Before you build a category classification model
Before you build your category classification model, make sure your data is in Microsoft Dataverse and it's structured in the correct format.
Prerequisites
This model requires the training data to be available within a Dataverse table. Support for data from external sources is currently unavailable.
Make sure your administrator has assigned you a security role with Read privilege for the table that has the training data.
Make sure you have appropriate permissions to create tables in your Power Platform environment. You can use either the System Customizer or System Administrator built-in security roles.
Supported languages
AI Builder category classification supports the following languages.
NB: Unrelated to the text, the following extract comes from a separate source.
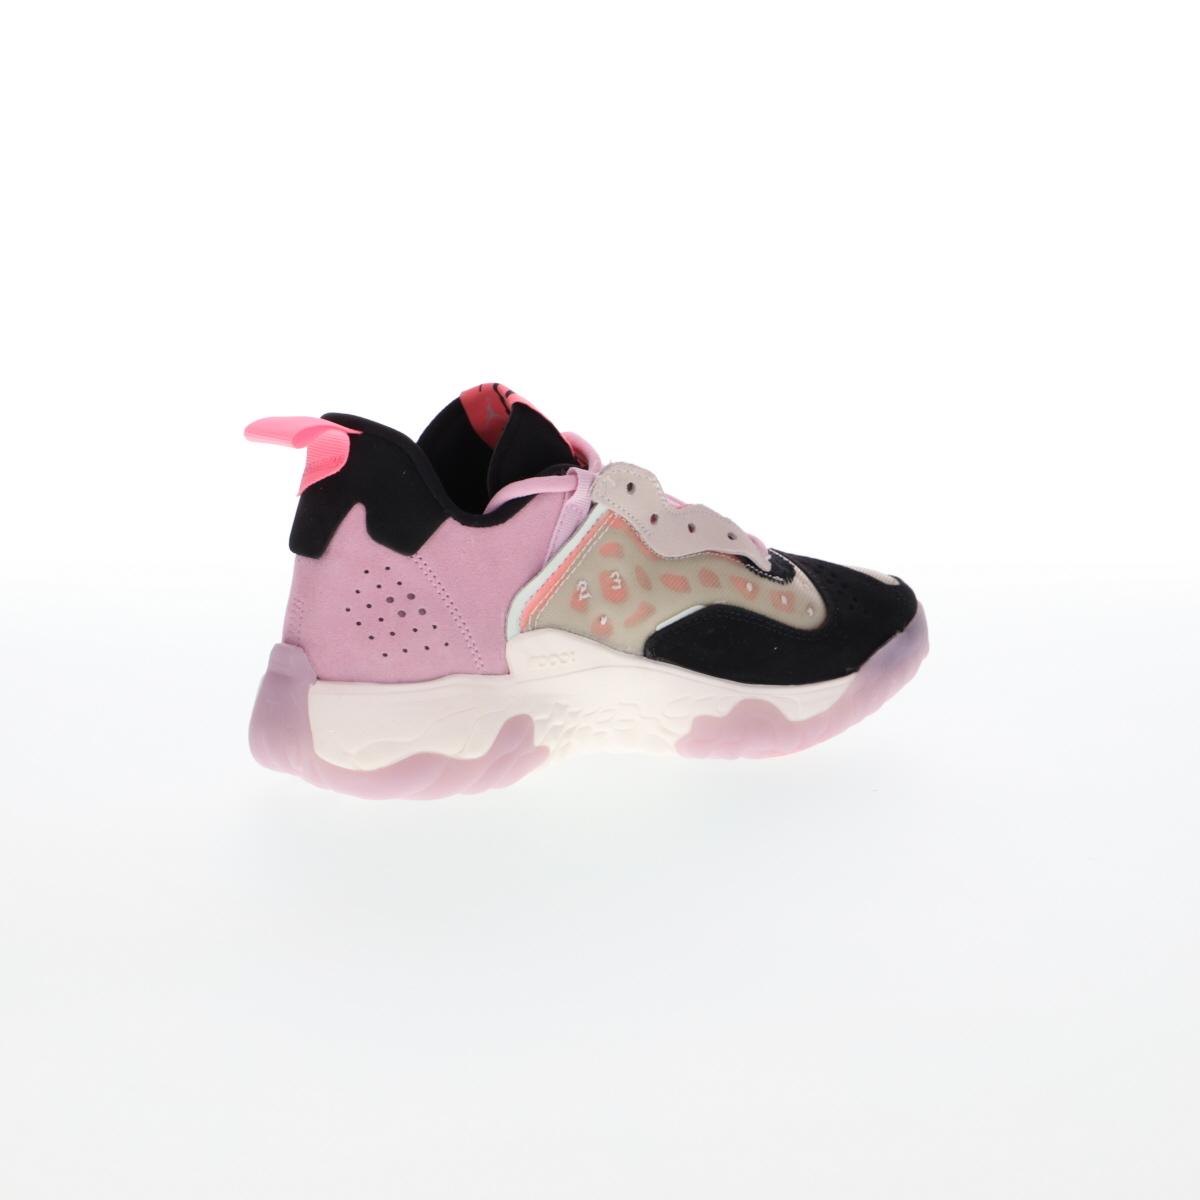 nike vapor speed turf shoes for boys 2017

If you try to classify text in other languages, your model might not work properly.
- English
- French
- German
- Italian
- Spanish
- Portuguese
Data preparation
The training data used to train the model from the Dataverse table should conform to the following:
Store text and tags as two columns in the same table. Each row must have data in the Text column.
You can provide one or more tags to data in the same row in the Text column. You can also leave the Tags column empty.
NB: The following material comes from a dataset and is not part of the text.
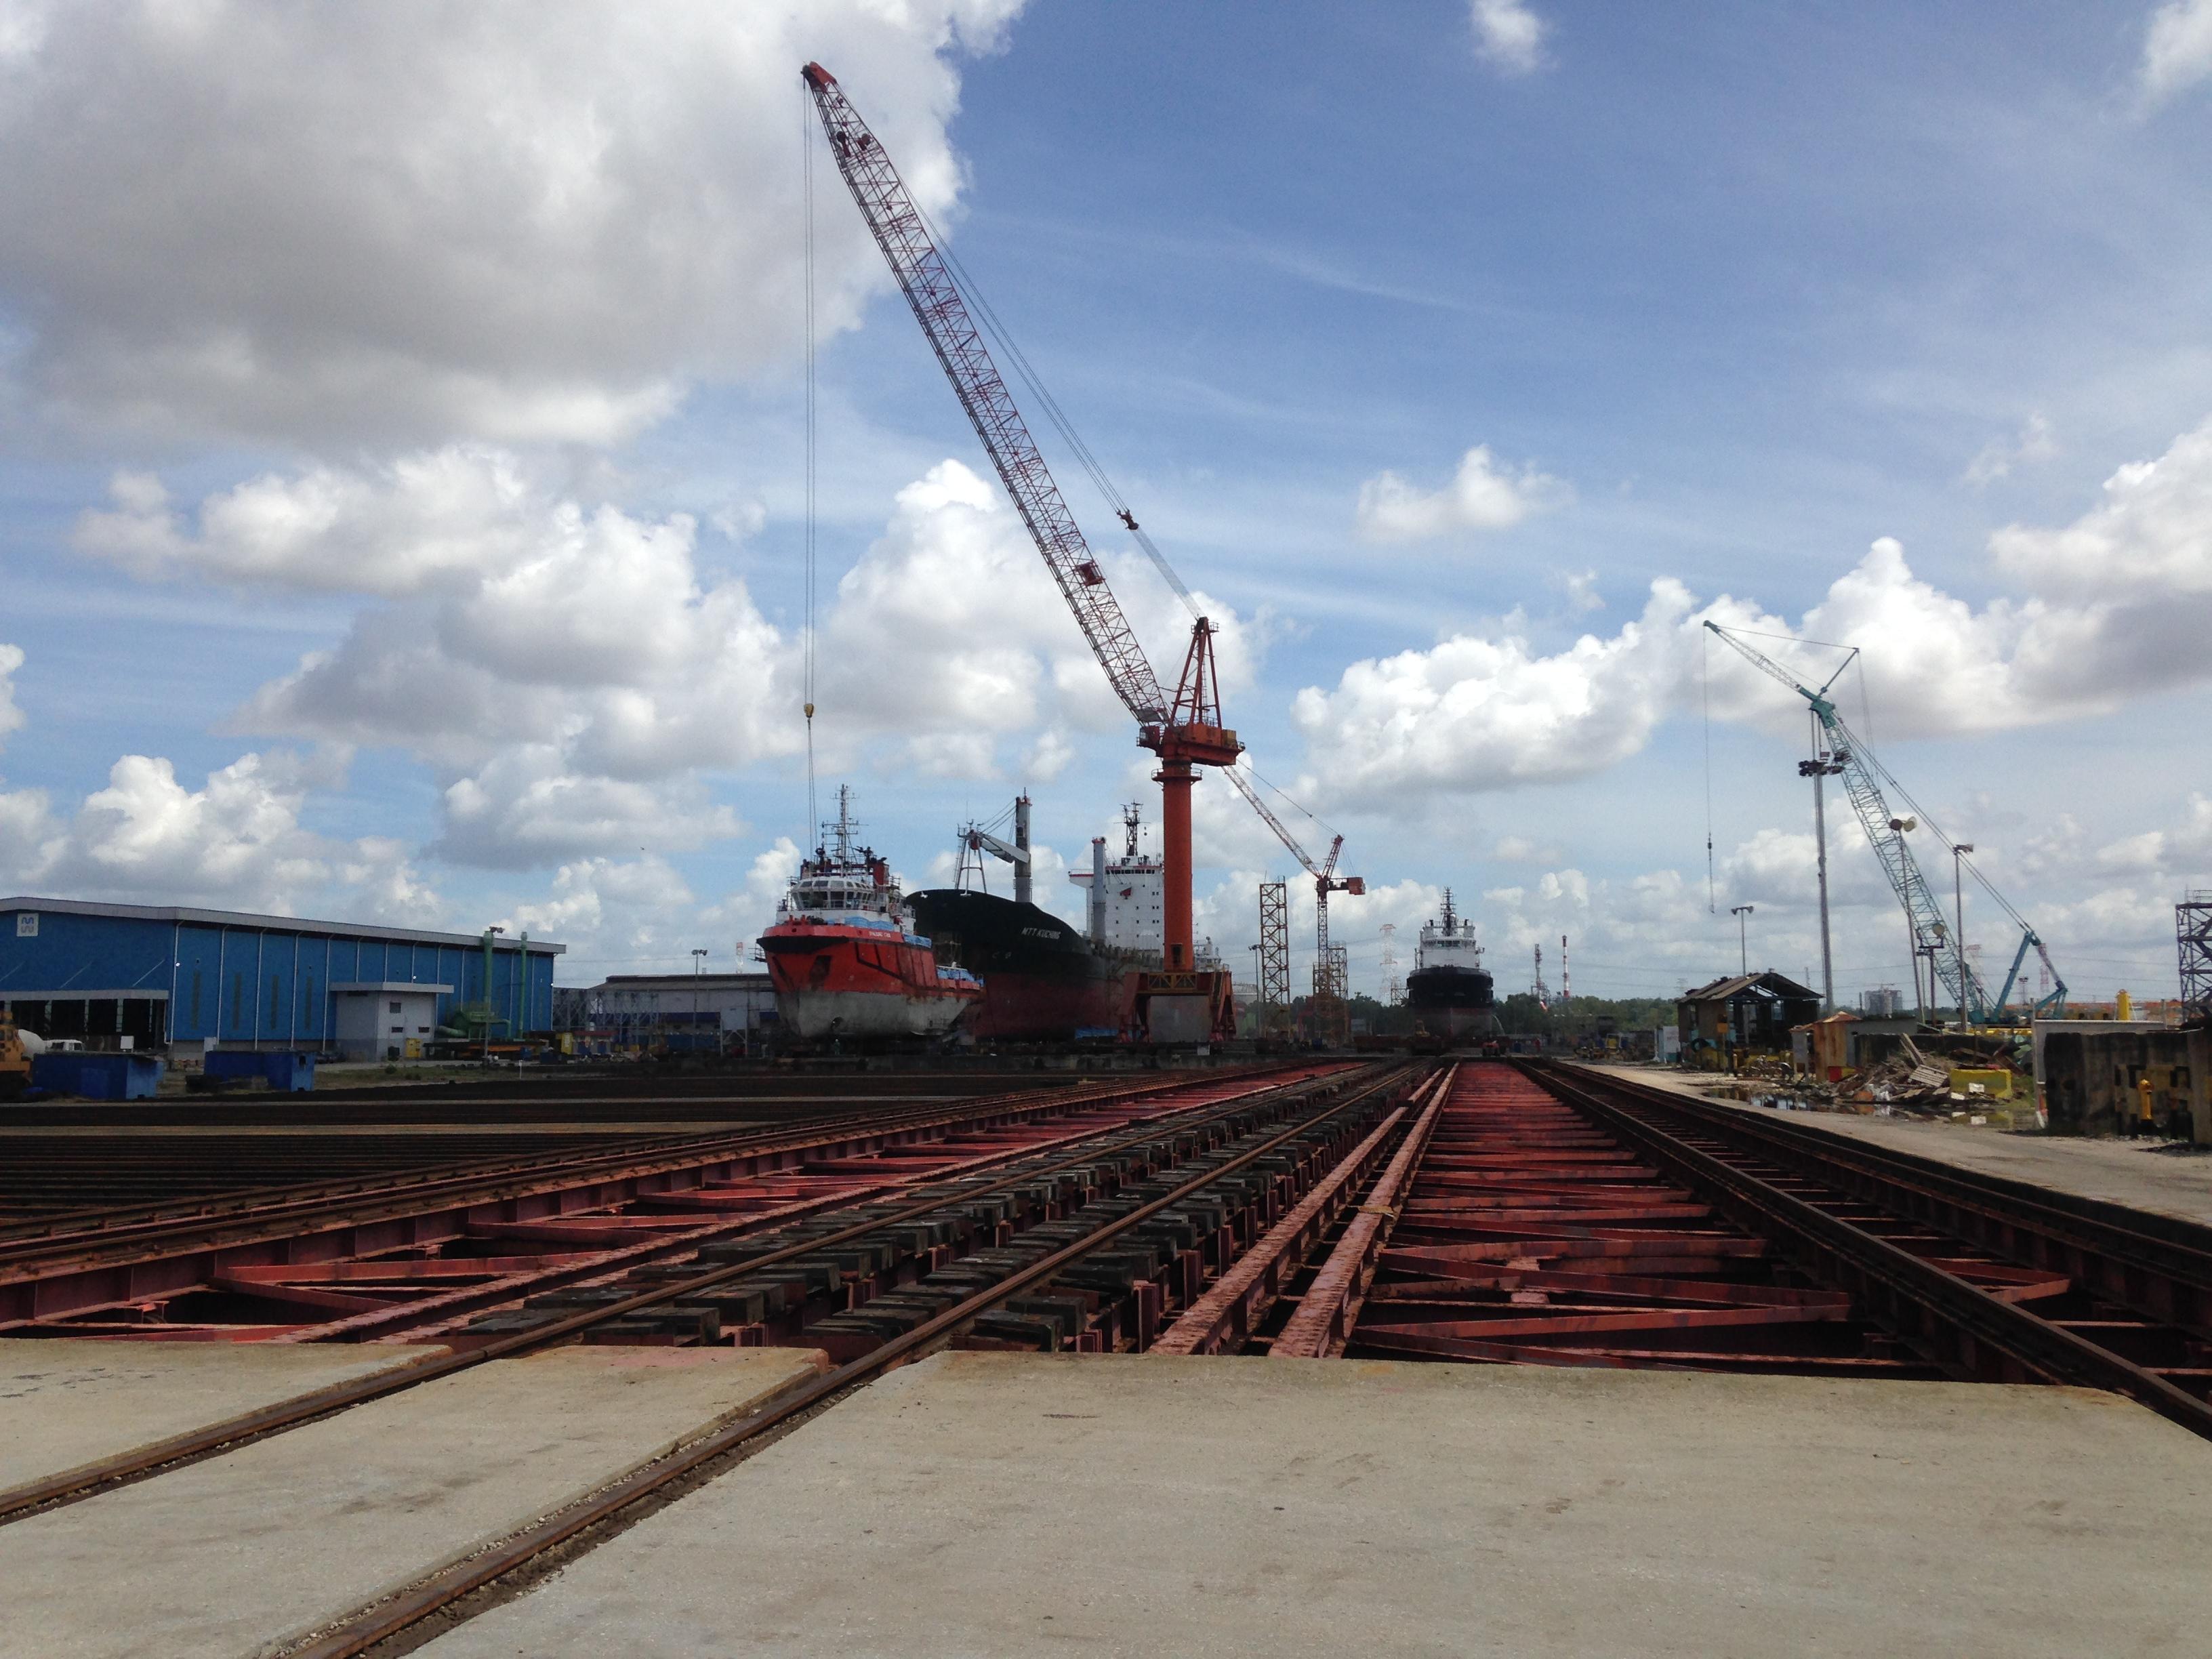 Malaysia Marine Heavy Engineering Sdn Bhd

If you've identified multiple tags within the text sample, provide them as delimited text in the Tags fields. Currently, commas (,), semicolons (;), and tab characters are supported separators.
Text Tags Great clean and quiet room with a free to-go breakfast Dining, Room Small but well-orchestrated room that was comfy Room I love the view from the 13th floor (none) Make sure to have a minimum of 10 distinct text samples for each tag to be extracted. Tags with fewer than 10 samples won't be trained. In the previous example, there should have been a minimum of 10 rows each that have been tagged with the Dining and Room tags.
If Room has been tagged in fewer than 10 rows in the data, it will be ignored. The model won't be trained to categorize data for that tag.
For every tag that is used, provide a minimum of 10 text samples where it isn't used.
Text Tags Great clean and quiet room with a free to go breakfast Room Small but well-orchestrated room that was comfy Room (none) Room If all rows in the table are tagged to Room, and there are no rows—or fewer than 10 rows—that have been tagged to another label, the model will fail the training process.
A table must have at least two tags, and each one must have 10 text samples.
You can define up to 200 distinct tags. Each tag is a category that will be identified and extracted from the given text.
Each sample of text data must have fewer than 5,000 characters.
If you don't have training data and want to try AI Builder category classification, follow these instructions to use sample data.
Examples of training data format
This section provides examples of the training data format in a Dataverse table.
Columns | Data type | Size |
---|---|---|
Comments | Text | 3,000 |
Tags | Text | 100 |
Comments | Tags |
---|---|
During my stay, I was completely ignored. The staff failed to pick up on me aspirating and having a UTI. I also had pneumonia. |
Care |
I was seen very soon after arriving each time and all the staff, nurse, doctor, and anesthetist were very helpful. There seems to be a good sense of teamwork. |
Staff, Check-in |
The equipment seemed up to date. The nurse/healthcare assistant seemed quite caring. |
Facilities, Staff |
Note
If you don't have your own training data and want to try AI Builder category classification, you can get started by downloading sample data for the category classification model. More information: Use sample data to do category classification
Import your data into Dataverse
Because training data for a category classification model needs to be available as a Dataverse table, let's begin with preparing data in Dataverse table.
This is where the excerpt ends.